• Exercise: Return the data exactly, with all pictures removed.

Segment Start: Data section

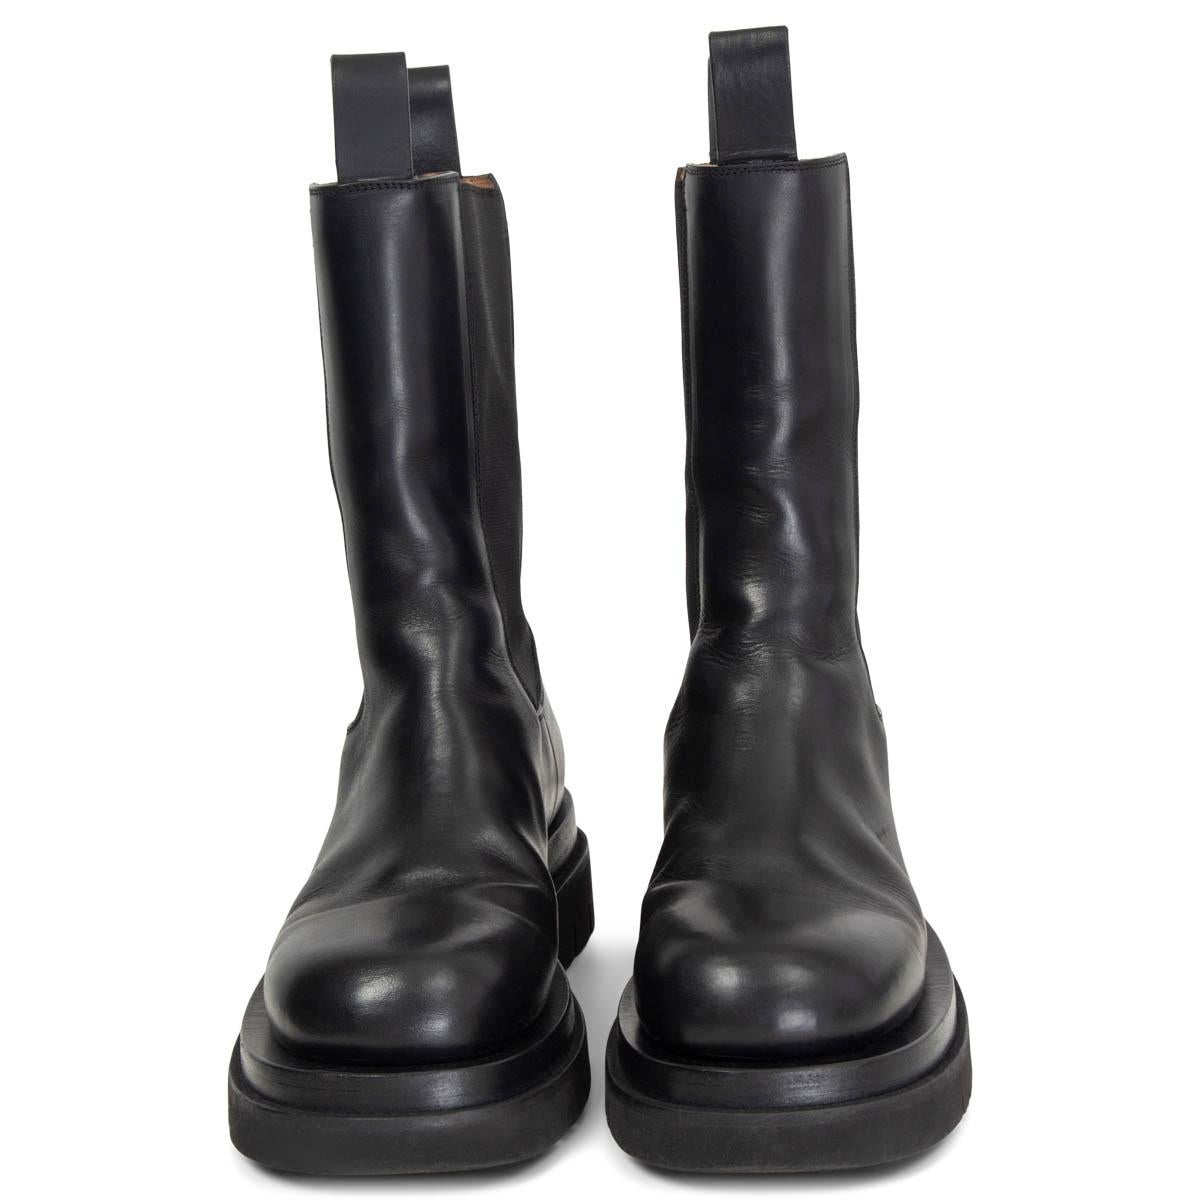 100% authentic Bottega Veneta Lug mid-calf boots in black calfskin uppers set on lugged rubber soles. Elasticated side panels with tonal pull tabs. Have been worn and are in excellent condition. Come with dust bag. 

Measurements
Imprinted

Segment End: Data section

• Response to this exercise:
 100% authentic Bottega Veneta Lug mid-calf boots in black calfskin uppers set on lugged rubber soles. Elasticated side panels with tonal pull tabs. Have been worn and are in excellent condition. Come with dust bag. 

Measurements
Imprinted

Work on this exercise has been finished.